The issue isn’t with data that can never be represented as FHIR resources; rather, it’s data that isn’t currently represented as FHIR resources. Part of this reflects unfinished work on covering all aspects of the OpenMRS model and the other (likely larger and longer tail) of data from custom modules created by orgs & implementations that may not have the expertise or resources to coerce their data into FHIR resources.

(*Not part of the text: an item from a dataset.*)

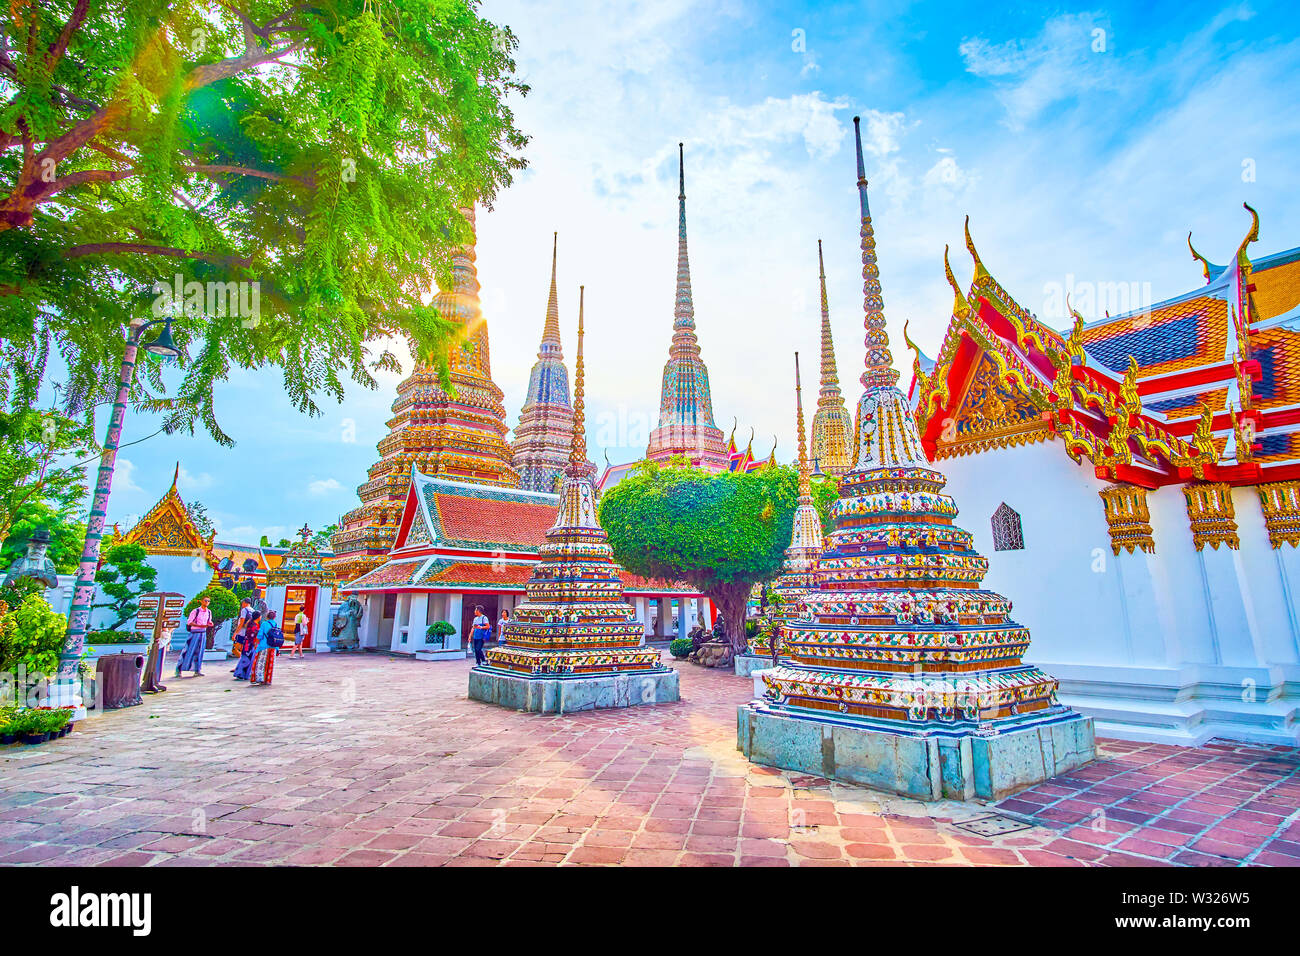 BANGKOK, THAILAND - 22 April, 2019: Der Abend Vergnügen entlang der Innenhof des Wat Pho Tempel genießen großartige Architektur der berühmten Religion c Stockfoto

LOL. No worries. I hope you’re enjoying your vacation and not reading this reply

dkayiwa · August 30, 2020, 10:25pm

I get tempted to feel that we are over designing this and making it more complicated than our current needs. Having a shared solution which simply has flattened tables for our complex EAV model, and ways of incrementally updating data in these flattened tables, would be enough for the first version of our analytics engine. In this first version, i would not even be bothered with potential data from implementation specific modules. Not even anything to do with FHIR. All these are for now, nice to haves, for successive iterations of the analytics product. Having such a quick, simple, and immediately usable solution rolled out to implementations, will help us get real practical feedback to guide our subsequent iterations, instead of taking long to start, because of spending time on imaginary, theoretical, or possibly future requirements.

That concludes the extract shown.